The Cooking Well Runs Dry

With all the vegetables we’re receiving lately, you’d think that I’d be posting recipes almost every day. The trouble is that I have entered a rut familiar to all cooks who have been at this game for a while. “I just cook the same old things,” my grandmother used to say. So it is with me. Tired at the end of the work day, I turn to well-worn formulas, spices, and combinations to get supper on the table. Onions and garlic are sauteed in olive oil; another vegetable or meat is added; herbs are tossed in; everything gets dumped over pasta, rolled into a burrito, or served over potatoes.

And that’s okay, because a few experiments over the last week or so revealed why it’s probably best to trudge along in your little food rut until a clear path out is revealed. Efforts to claw your way over the edge will result in injury only to yourself and others who are forced to eat the unsavory products that emerge in the process.

The baked cabbage should serve as sufficient warning. We’ve been slightly overwhelmed with cabbage lately, after buying a couple of heads just before receiving more from Britt Farms, our CSA (Community Supported Agriculture). Of course, it really doesn’t take much cabbage to overwhelm even an experienced cook. Not only does it increase exponentially with each cup that is used, it also conjures only a limited number of dishes to mind. Having made cole slaw, added it to soups, steamed it, eaten it raw, and even considered then quickly dispensed with the idea of making homemade sauerkraut after realizing the impracticality of storing rotting vegetable matter in a pot in the basement for a month, I was pretty well out of ideas.

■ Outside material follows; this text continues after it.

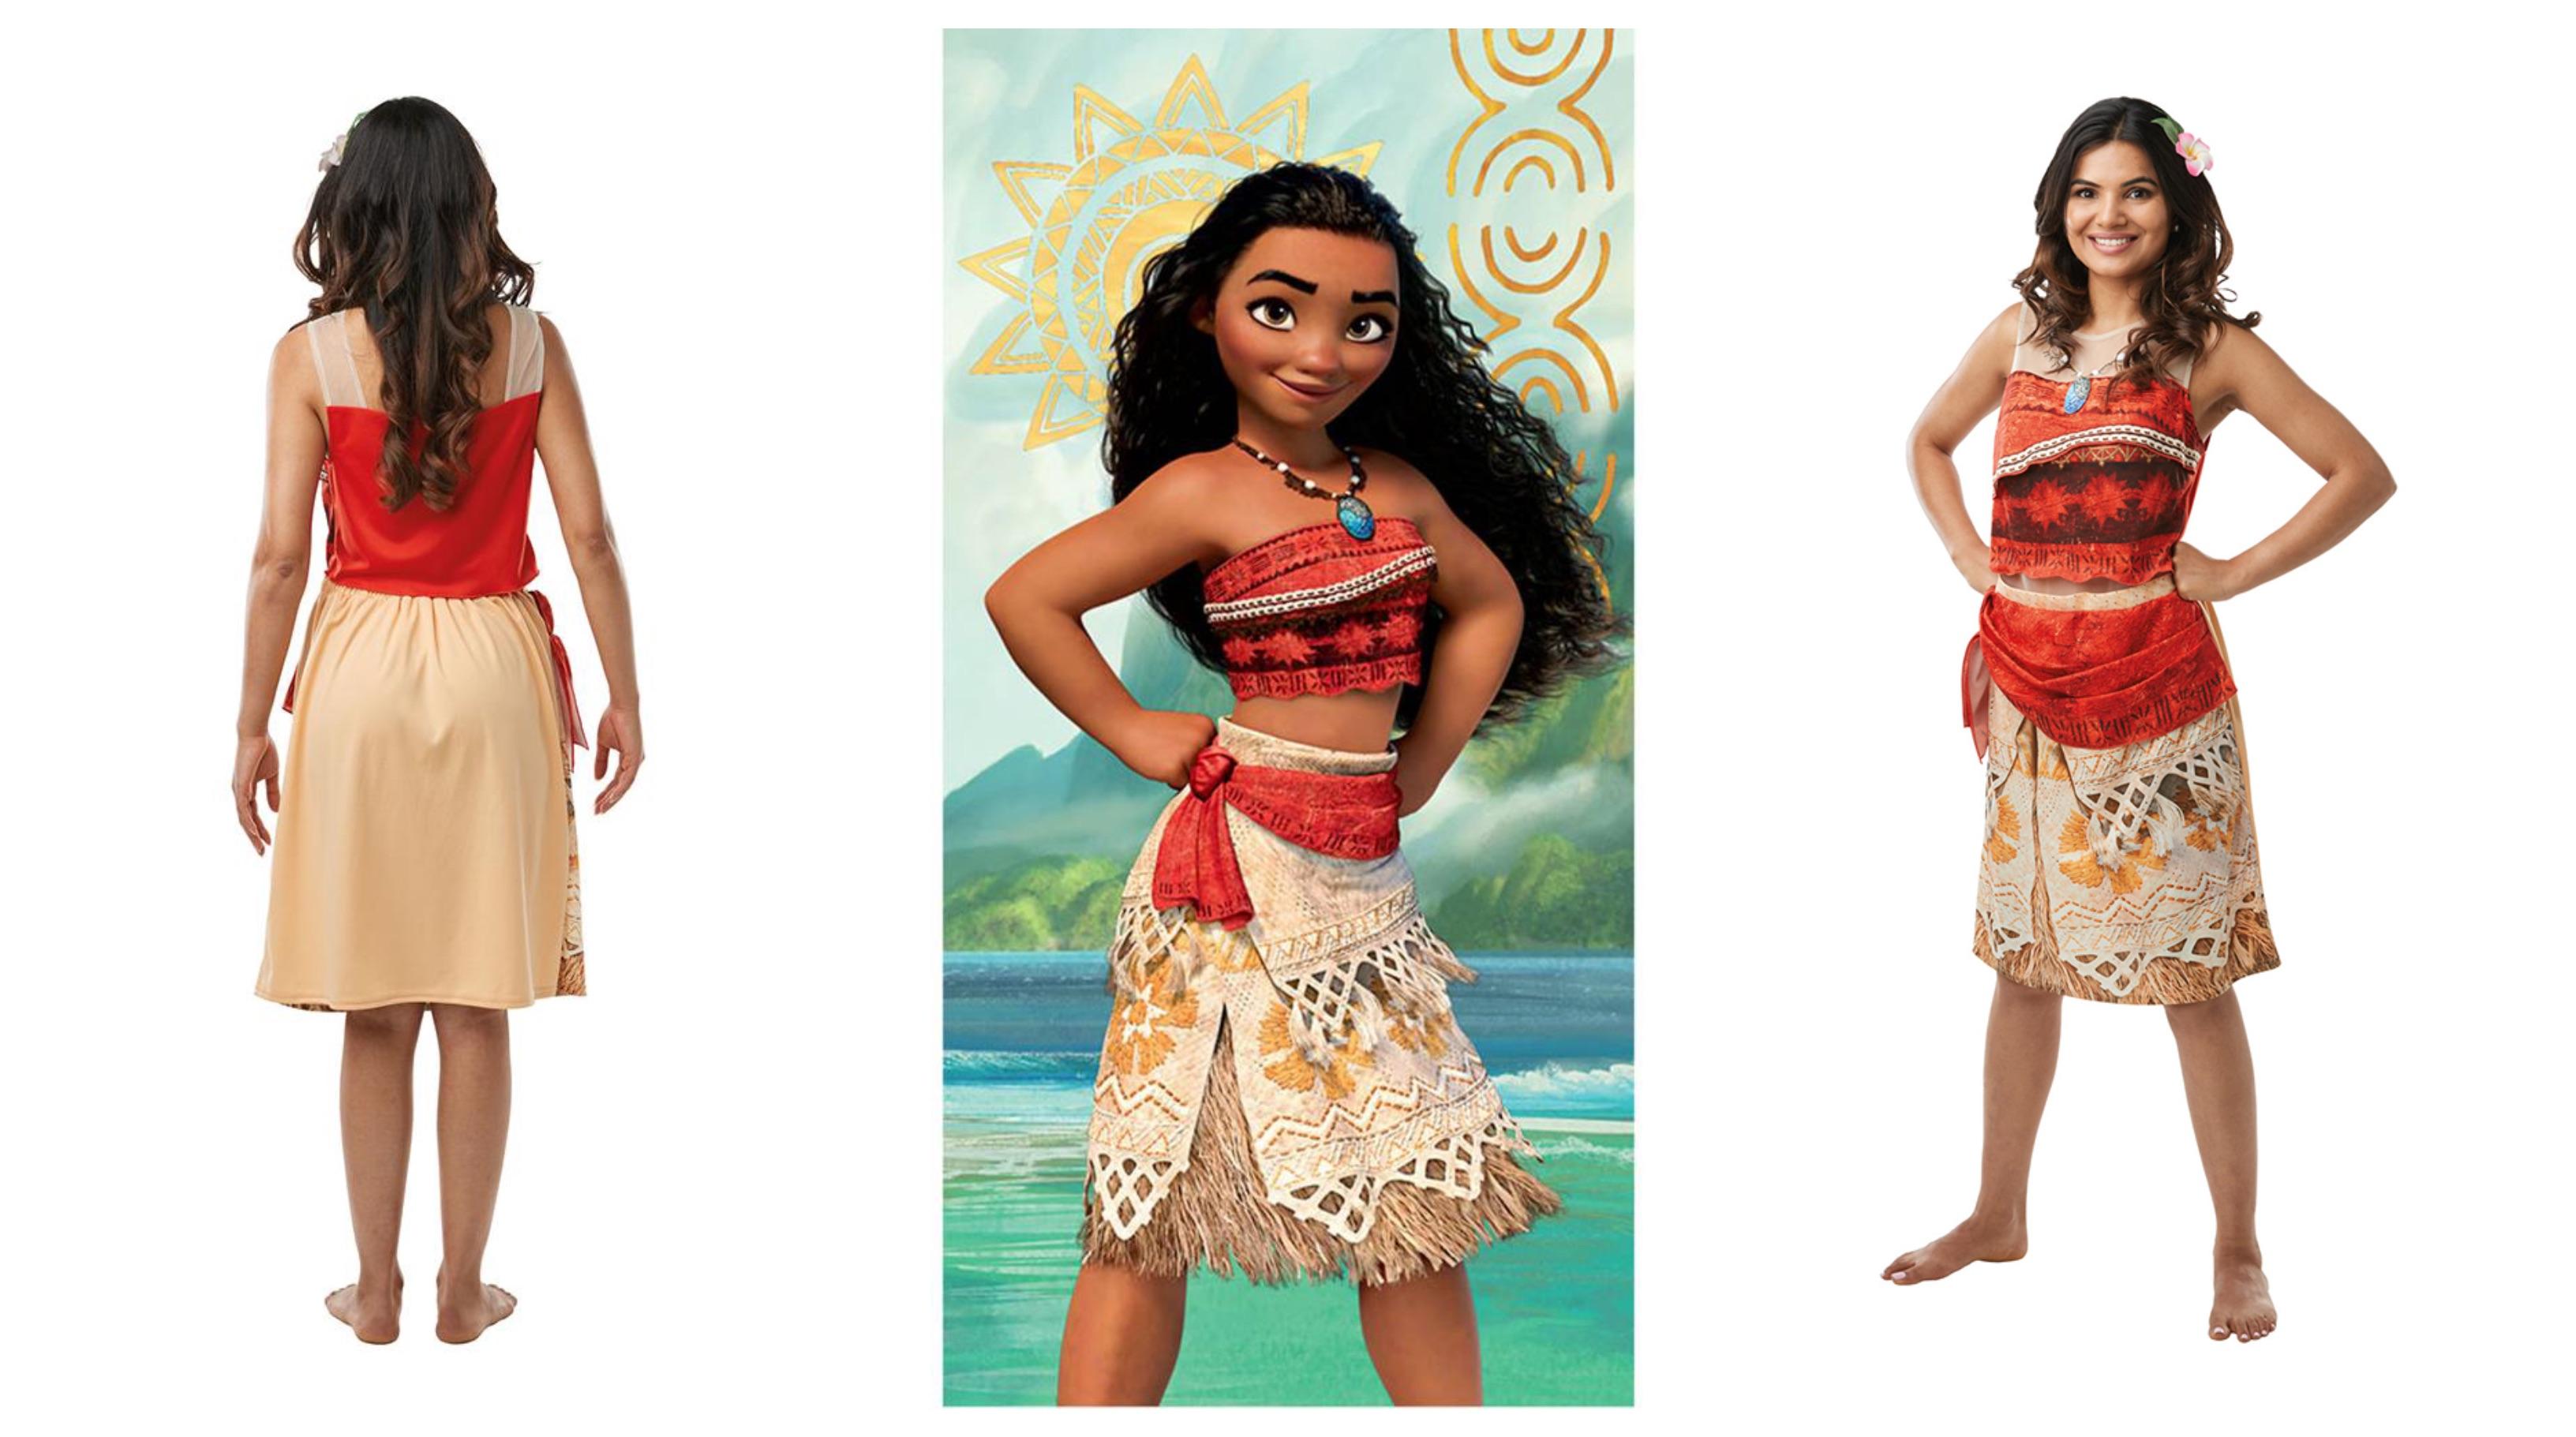 vaiana kostume til voksne, vaiana kostume, vaiana udklædning til voksne, moana kostume til voksne, moana voksenkostume, vaiana voksenkostume, vaiana fastelavnskostume til voksne, disney kostume til voksne, disney voksenkostumer

Then I remembered a recent New York Times Magazine article on baked kale, which I’d tried and which had made a pleasantly crunchy snack. You took kale leaves, rolled them up, sliced the rolls into thin strips, tossed in olive oil and salt, and baked them in the oven at about 400 degrees for several minutes until they crisped up. They made a light, crunchy snack.

Cabbage doesn’t do that. It makes a heavy, chewy, oily snack. You can try cooking it until the cabbage browns, but then you will have a bitter, crispy, burned-tasting, oily snack. If you have a sweet, kind husband as I do, he will taste the results and declare them “interesting.” If you are a sweet, kind wife in return, you will take the whole mess, toss it straight into the trash, and make a nice dish of olive oil, onions, garlic, your favorite spices, vegetables, and pasta.

Better Amish Friendship Bread

The moment we’ve been waiting for since February 24 has arrived. In an effort to create a version of Amish Friendship Bread that I actually like, I’ve turned our house into a bread factory over the last few months. I’m pleased to say that these attempts have not been in vain.

I started with the original recipe, below.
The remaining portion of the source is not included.